This repository containes some toy experiments on a simple Spatial Transformer Network (STN) CNN.
Code is partially based on this PyTorch tutorial by Ghassen Hamrouni.
Code was tested on Python 3.7, PyTorch 1.10, CUDA 10.2.
6 different model configurations were trained and tested on a modified MNIST dataset. Random affine transformation were applied to the images in order to evaluate the potential of the STN.
Due to hardware constraints, each model was trained for a fixed number of epochs (20). Each model was trained 5 times in order to compute the average classification accuracy and partially compensating randomness.
Note that the script has in place partial measures to ensure the repeatability of the experiments. Note, however, that some of the PyTorch operations employed do not have a deterministic version, so results may vary.
The 6 trained models are the following:
- Baseline: the original simple STN-based CNN from the cited PyTorch tutorial.
- CoordConv_STN: Conv layers in the STN module were replaced by CoordConv layers (paper). This implementation was used.
- CoordConv_R_STN: same as #2, but the additional channel with radial coordinates was added. Note that I fixed the radial channel computation by correctly re-centering the origin.
- CoordConv_all: Conv layers were replaced by CoordConv layers in the entire network.
- CoordConv_R_all: same as #4, with radial coordinates enabled.
- CoordConv_R_all_thetaprop: same as #5, but I expanded the concept of CoordConv by adding 6 additional channels, each representing the value of the 6 affine transformation parameters computed by the STN module. The additional information was provided to the 2 main convolutional layers and the first FC layer of the network.
Model | Accuracy over 5 runs (mean ± std) |
---|---|
Baseline | 0.9142 ± 0.0762* |
CoordConv_STN | 0.9548 ± 0.0116 |
CoordConv_R_STN | 0.9494 ± 0.0148 |
CoordConv_all | 0.9563 ± 0.0026 |
CoordConv_R_all | 0.9413 ± 0.0154 |
CoordConv_R_all_thetaprop | 0.9562 ± 0.0053 |
*Since no validation set was employed for hyperparameter selection (training duration, learning rate, optimizer, etc.), the accuracy of a model was just selected as the accuracy obtained after the 20th epoch of training. One of the 5 runs for the baseline model happened to have a sudden decay in accuracy from ~95% to ~76% at exactly the 20th epoch. Realistically, the lower accuracy of the baseline model is due to a statistical fluke, since the other models also experienced some accuracy dips during training, but were lucky enough not to have them happen on the 20th epoch.
Results are comparable for all the 6 models, although a longer (and more refined) training procedure would be necessary in order to draw reliable conclusions.

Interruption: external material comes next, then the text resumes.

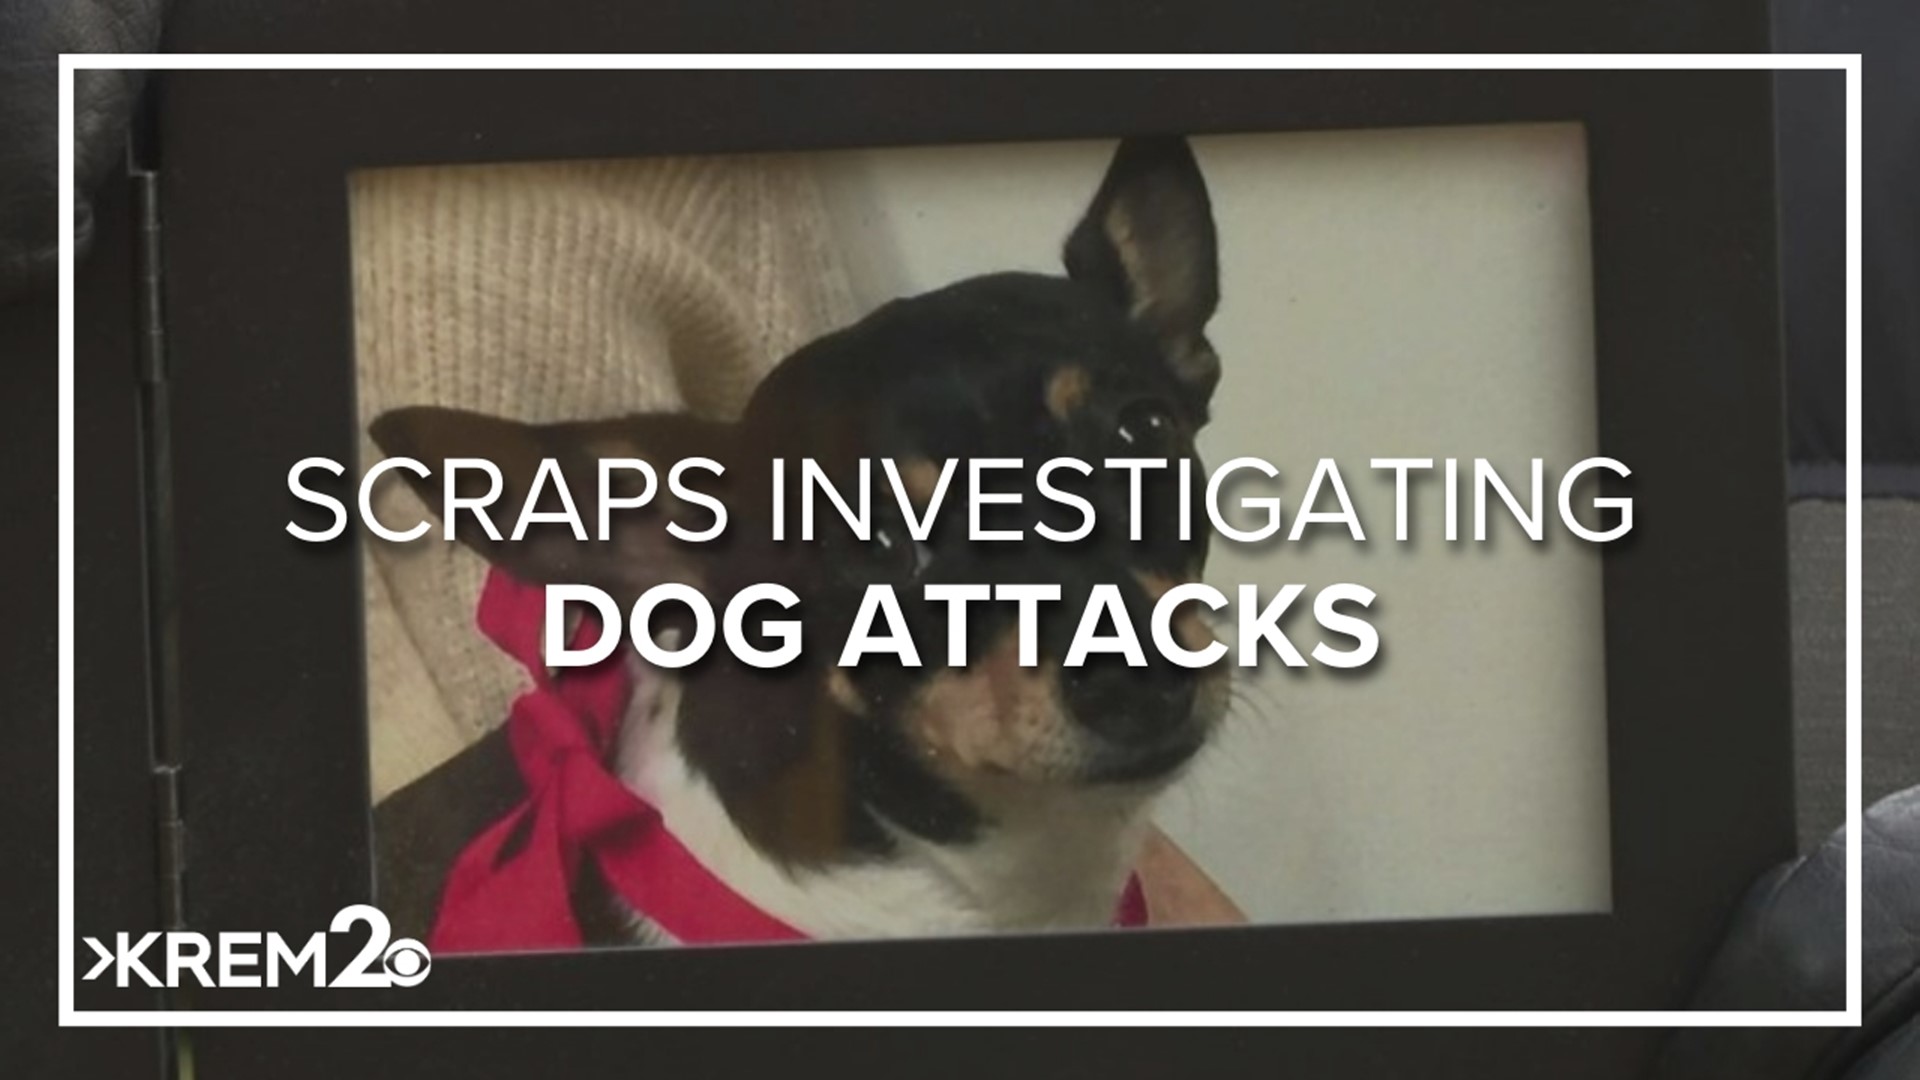 SCRAPS said the two dogs involved in the Comstock attacks have been deemed dangerous. They also said the dogs' owner is trying to appeal the designation.

The img folder contains examples of transformations operated by an instance of each of the 6 trained models. The name of each file describes the model and dataset used.
distort_
/nodistort_
prefixes indicate if the model was trained/tested on the distorted or the original version of MNIST.
baseline
indicates model #1.
stncoord
, stncoord_radius
, allcoord
, allcoord_radius
indicate models #2, #3, #4 and #5, respectively.
coord_r_theta
indicates model #6.
python spatial_transformer_experiments.py [--distort] [-nruns 5] [-epochs 20]
Trains and evaluates the 6 models on MNIST.
--distort
tells the script to use the distorted MNIST images.
-nruns N
specifies how many times each model should be trained for metrics averaging.
-epochs K
specifies how many epoch each model should trained for.